This film is light years ahead. Merging animation, puppetry, a Harry Styles song, a science teacher and a friendly alien, Ryan Gosling and Directors Lord and Miller use their imagination to reach new heights in space that’s both serious and funny. Gosling is a serious hearthrob, but down to Earth delivering comedy, too.
It took 6 years for this film to be made. Gosling got the script based on the book by Andy Weir (The Martian) at the beginning of COVID and thought, this is so complicated it too hard to be made, period. But when the creative team of Phil Lord and Christopher Miller (Spider-Man Into the Spider Verse, Lego Land, 21 and 22 Jump Street), were brought on to direct, they had the cred with success in animation and live action comedy to make it possible and they took the challenge. So did Drew Goddard who wrote the script. No easy task when communication plays such a big part in the characterizations and you’re asking the audience to go along for the ride.
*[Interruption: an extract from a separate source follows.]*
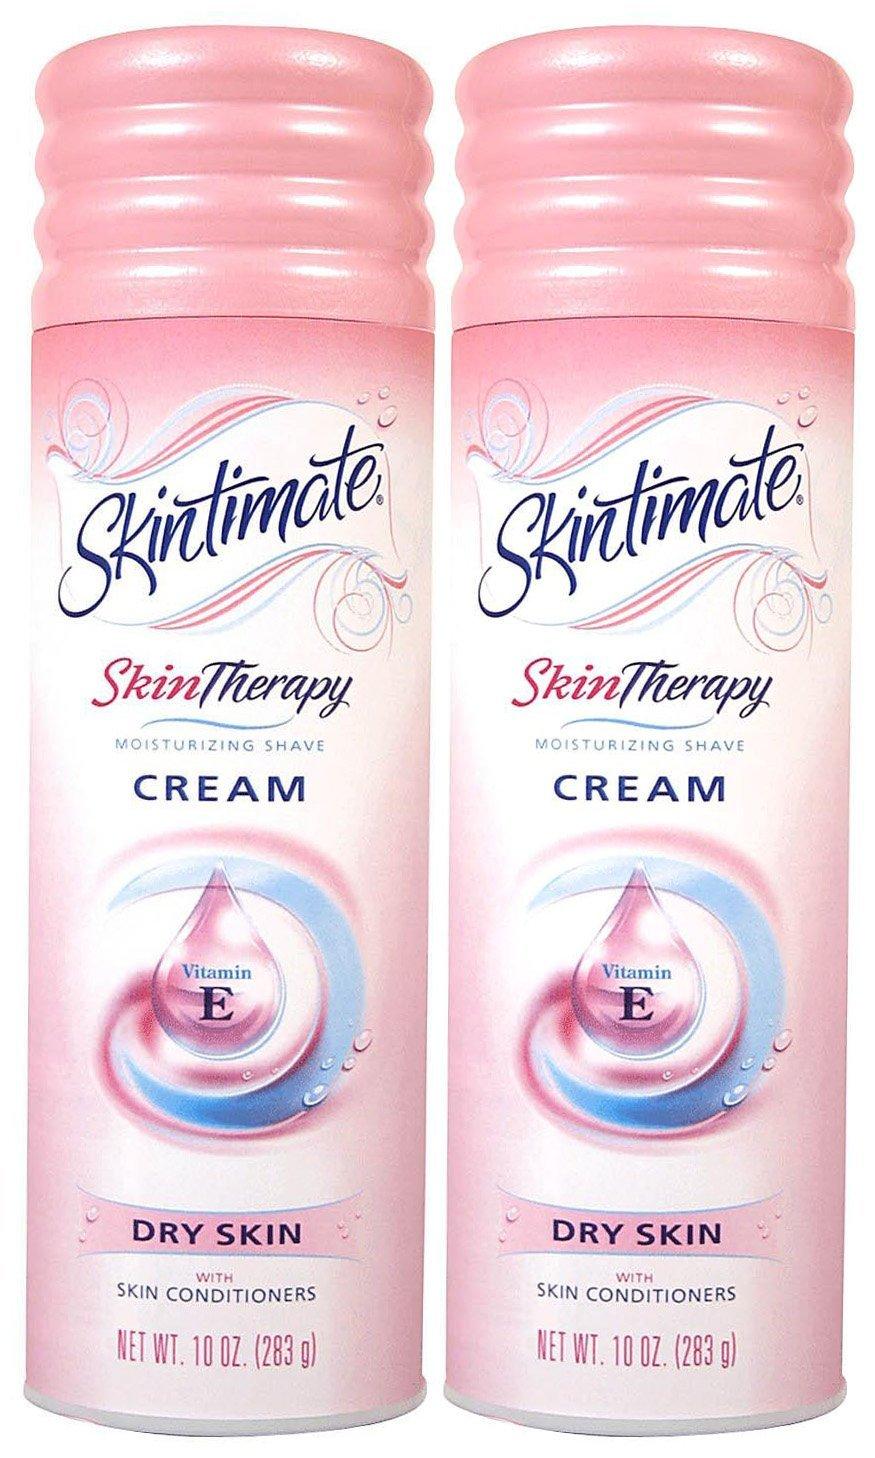 Skintimate Skin Therapy Moisturizing Shave Cream Dry Skin. 1 each
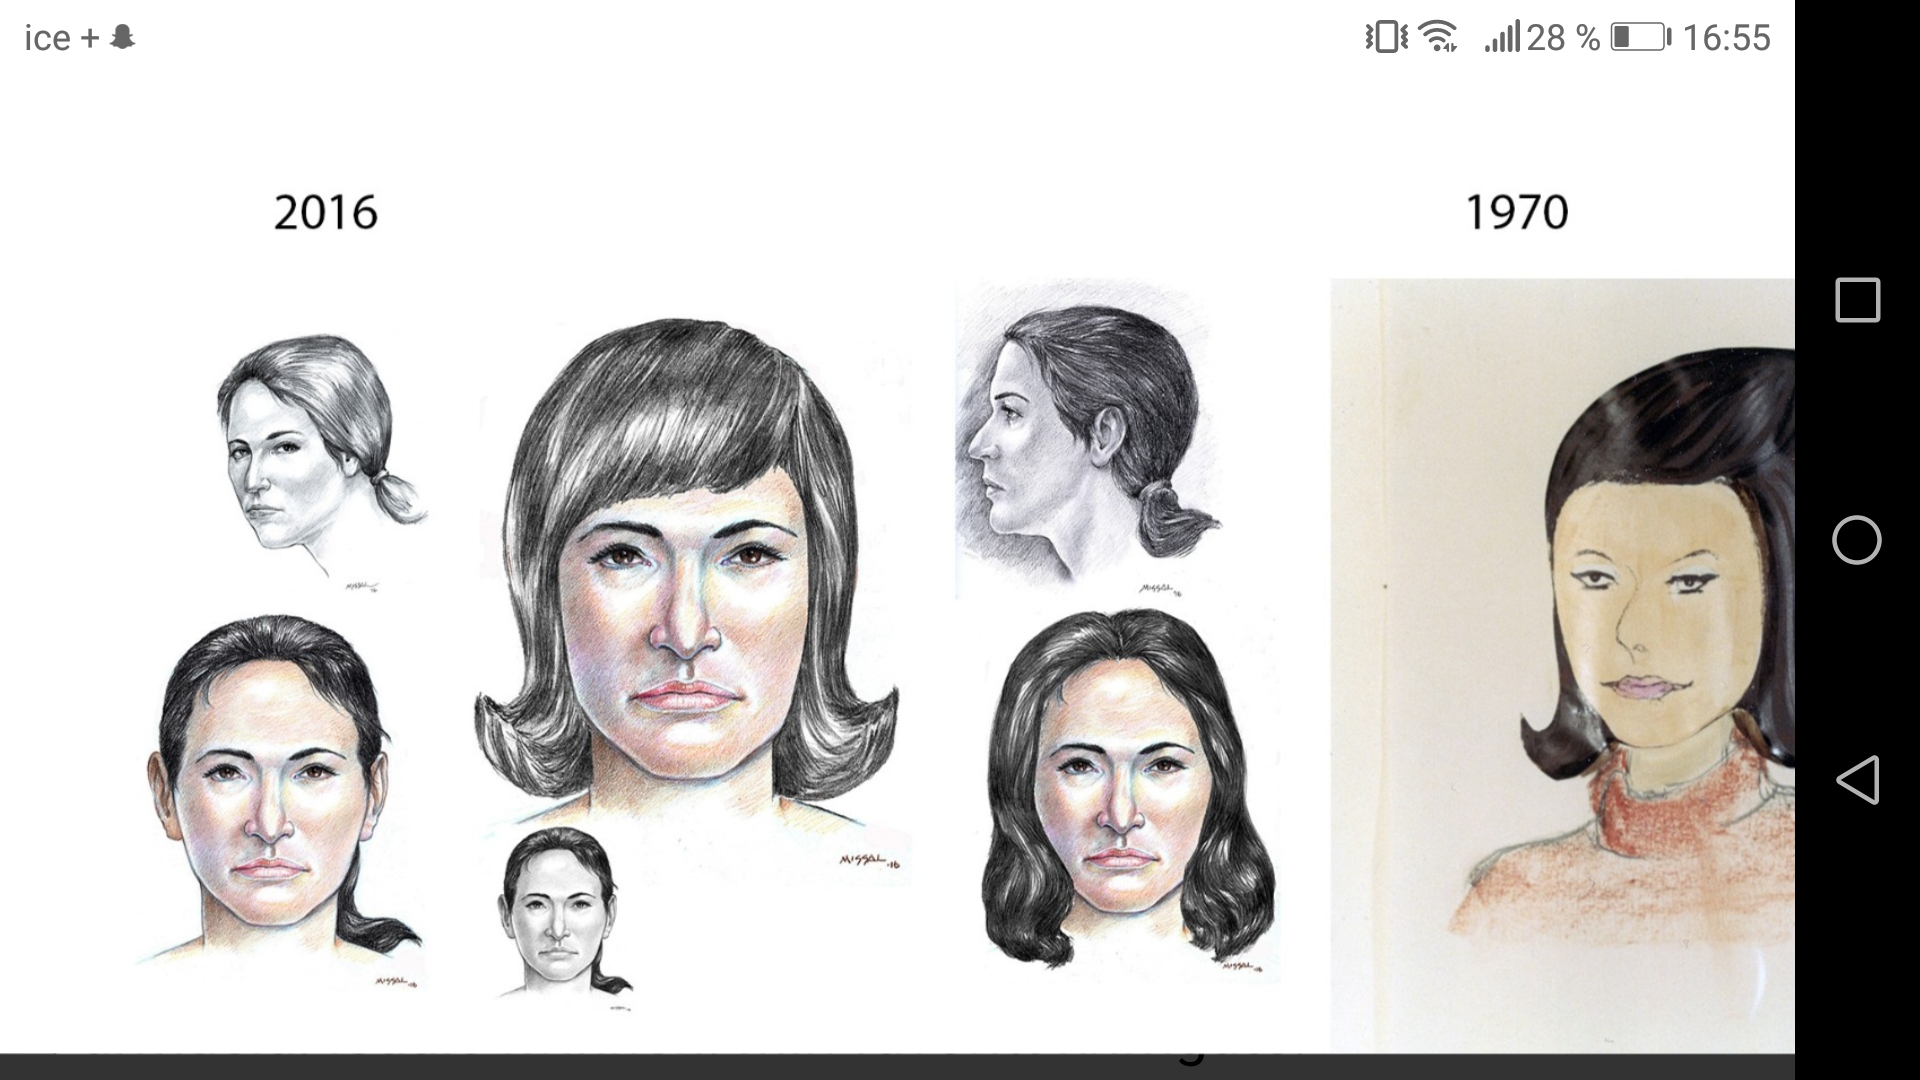 Elisabeth Leenhouwer, Claudia Tielt, Vera Schlosseneck, Finella Lorch, Geneviève Lancier, Alexia Zarna-Merchez, Claudia Nielsen et Vera Jarle.

Ryland Grace (Gosling) is not your average Middle School Science Teacher. He had become a laughing stock in the scientific community for his theories on alien life forms. But that’s exactly what drew the attention of Eva Stratt (Sandra Hűller), the head of a task force trying to save the world from an alien life form that was drain energy from the stars, with one exception. Stratt drafts Grace who is space science savvy to go on a mission to find out how to save the world. Only he doesn’t want to go. He’s perfectly happy to be a science teacher. Even Ryan Gosling wasn’t sure he could do the role, but even though Ryan didn’t believe in himself, Hűller believed in him all the way.
All of a sudden, he wakes up in space years later, finding that he’s the only live crew member left. Panic sets in, as he’s alone in space with no recollection of how he got there. His memory is compromised until, little by little, he begins to put the pieces back together remembering a flashback to prior meetings with Stratt’s staff, that includes a Karaoke night. This is where Sarah Hűller shines. After Gosling heard her singing to herself from her dressing room, he insisted she sing in the movie! And Hūller picked the song, “Sign of the Times” by Harry Styles and makes it her own.
Grace freaks out having to spend a lot of time alone on this space ship. Once Grace is in space, he has to learn whatever he can to complete the mission. It’s a learning curve he’s very tentative about from the very start.
Gosling was getting pretty lonely for the first 100 days by himself. There was no one to act as a scene partner for the scenes on the ship and he let his directors know. Lord, always equipped with duct tape, pulled out a mop and created Moppy Ringwald for Gosling to happily play off of in the movie until the real alien came on the scene. And that’s when the magic happens.



Miller and Lord worked with award-winning puppeteer and voice actor, James Ortiz to create Rocky, a five-legged spider-like, non-humanoid life form and he’s also the voice of the clunky alien. They had no way of communicating and frustrated, Grace uses his computer tech-spertise to devise a translator that enables communication. Their conversations from then on surprise as they develop a friendship and Miller and Lord make this character endearingly irresistible. It is Miller and Lord’ s ingenious imagination that created Rocky for this adventure.
Project Hail Mary! may show up on Best Movie lists being compared with ET and Close Encounters of the Third Kind. At more than 2 and half hours, Miller and Lord play the long game, but Gosling with Rocky make this fun other worldy buddy film, a touchdown.